Binding Pose Metadynamics

A metadynamics-composition score (10) was calculated with the binding pose metadynamics tool in the Schrödinger 2017-4 suite, (23) for compounds and poses derived from structure-based docking. The top 100 compounds for RET (PDB 2IVU) and AURKA (PDB 2BMC) were selected, based on best docking scores. The protein structures were prepared for metadynamics simulations by capping the termini and the run time of each simulation was set at 10 ns. The resulting metadynamics-composition scores were added to the existing docking scores to rerank the top 100 compounds in the benchmark set and to rerank the top 100 compounds in the screening set.

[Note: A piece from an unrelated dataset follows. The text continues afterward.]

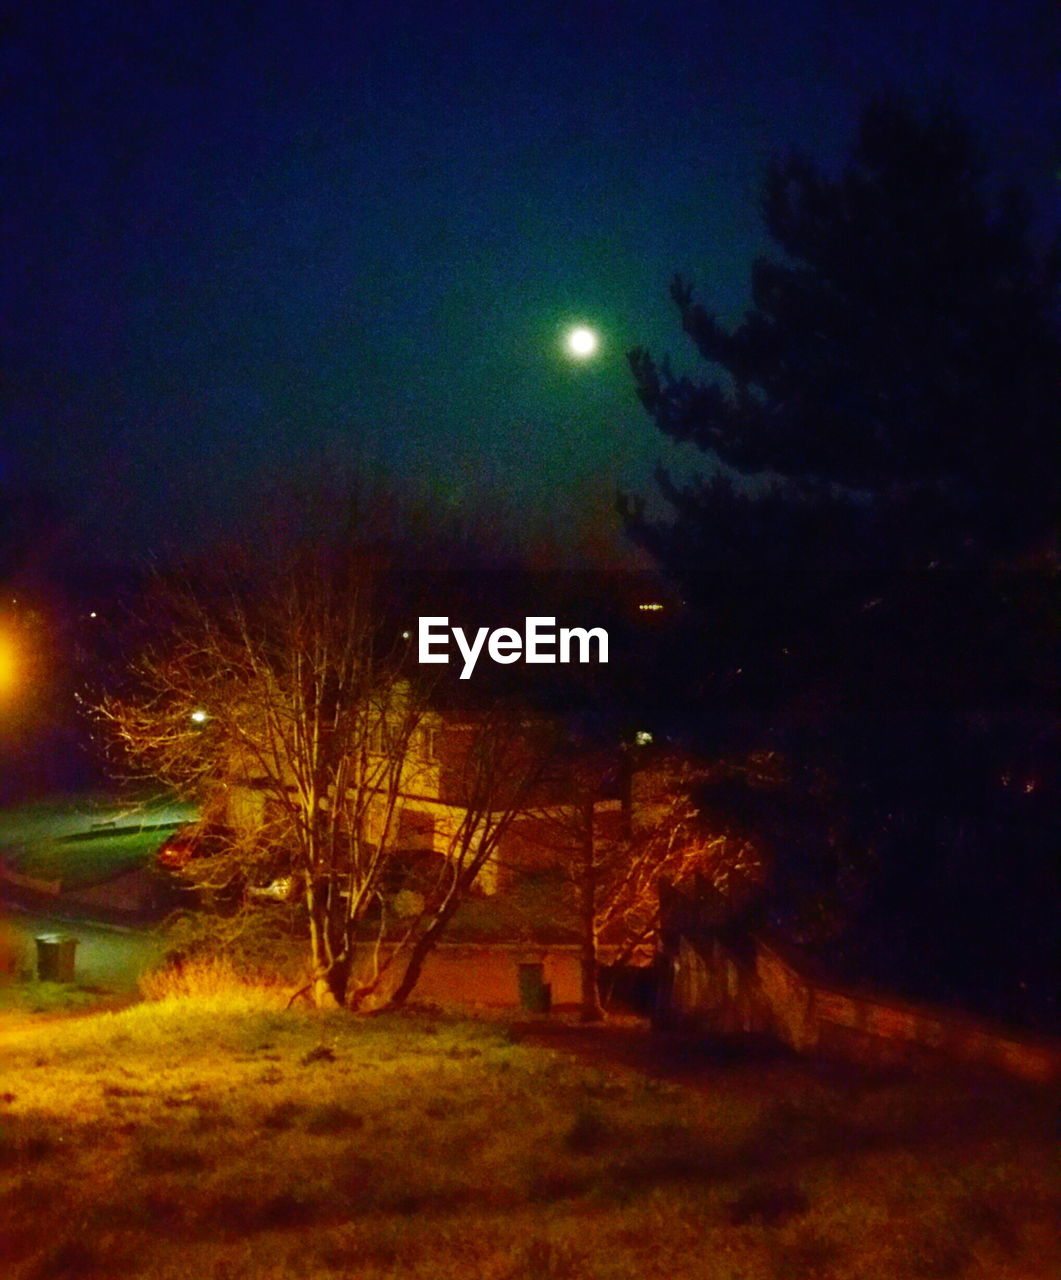 night, moon, nature, tree, sky, no people, illuminated, tranquility, beauty in nature, outdoors, tranquil scene, astronomy, grass, moonlight, scenics, bare tree, half moon, building exterior
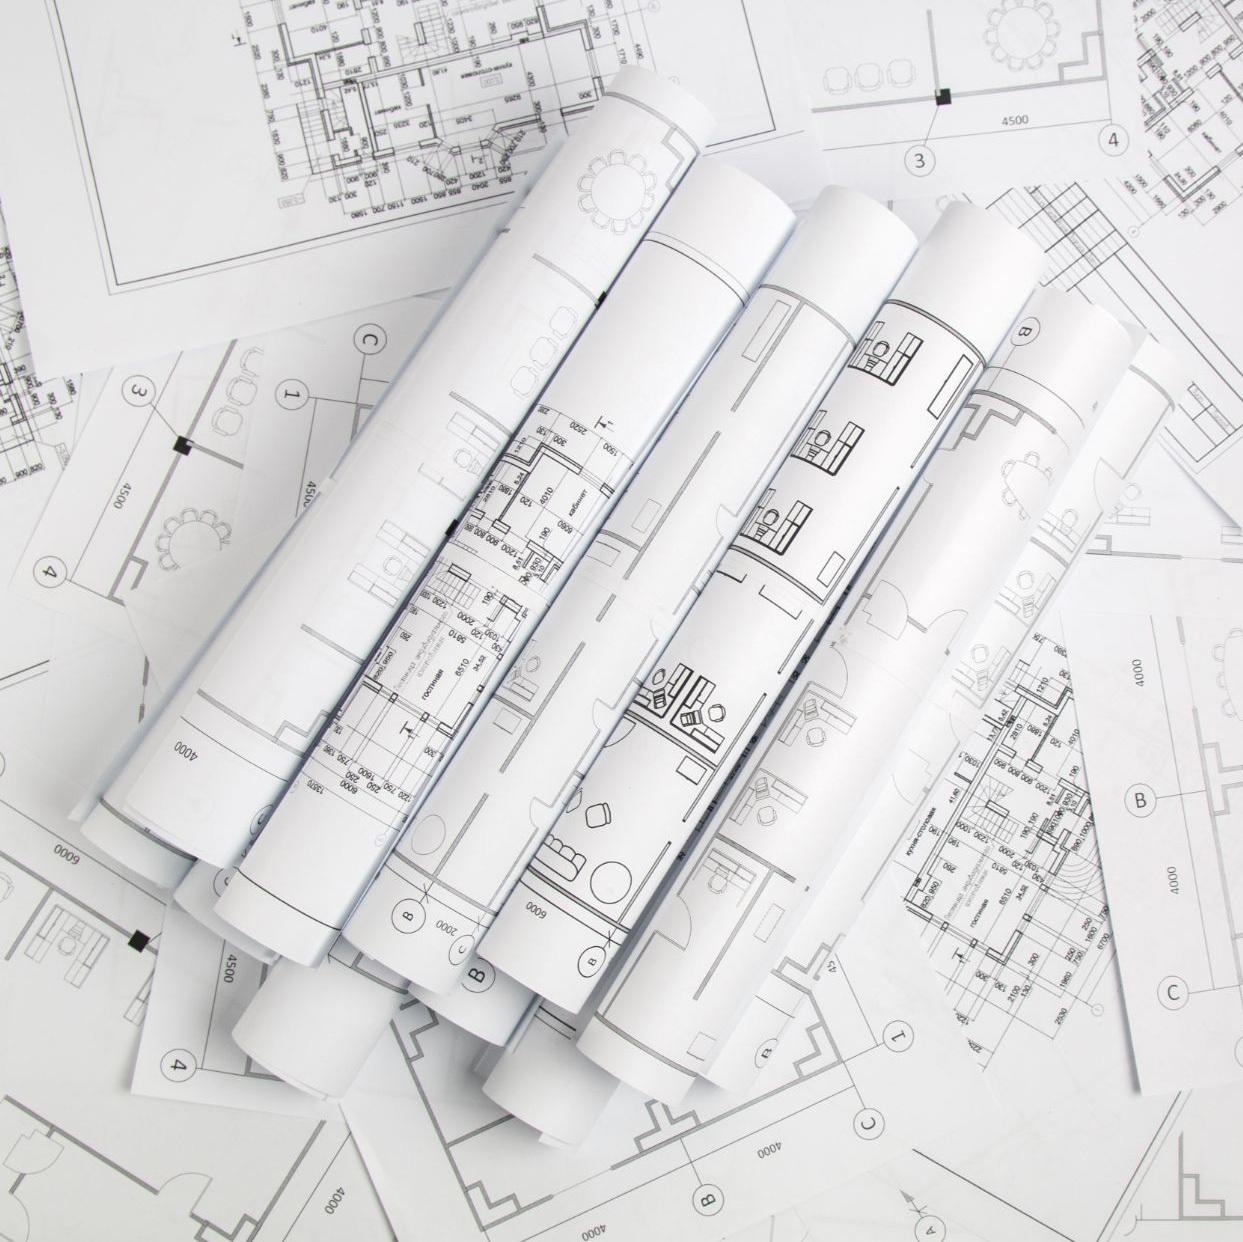 Apartment plans (demo)

Ensemble Scoring in Structure-Based Modeling

For every target, protein models for virtual screening were selected based on ensemble scoring of docking and SPLIF scores. The combination, or ensemble, of protein models that resulted in the best actives enrichment was used in virtual screening. The validated ensembles were based on docking scores of the top five enriching models and all five SPLIF models per target. Different ensembles were tested for each target including: docking scores only, SPLIF scores only, and docking and SPLIF scores combined. The performances of the ensembles were evaluated using Z2-scoring by averaging over the top two Z-scores. (47) Prior to ensembling, the Z-scores per compound were normalized toward the actives from the respective benchmark set. Docking scores were normalized to Z-scores by subtracting the mean docking score (mean over docking scores from all actives in the benchmark set) from the docking score of the test compound, and subsequently dividing by the standard deviation of the (benchmark) actives’ docking scores. The same approach was used in normalization of SPLIF scores to Z-scores. However, the SPLIF scores were first multiplied by −1 to change the vector into the same direction as the docking scores (better binder, more negative score).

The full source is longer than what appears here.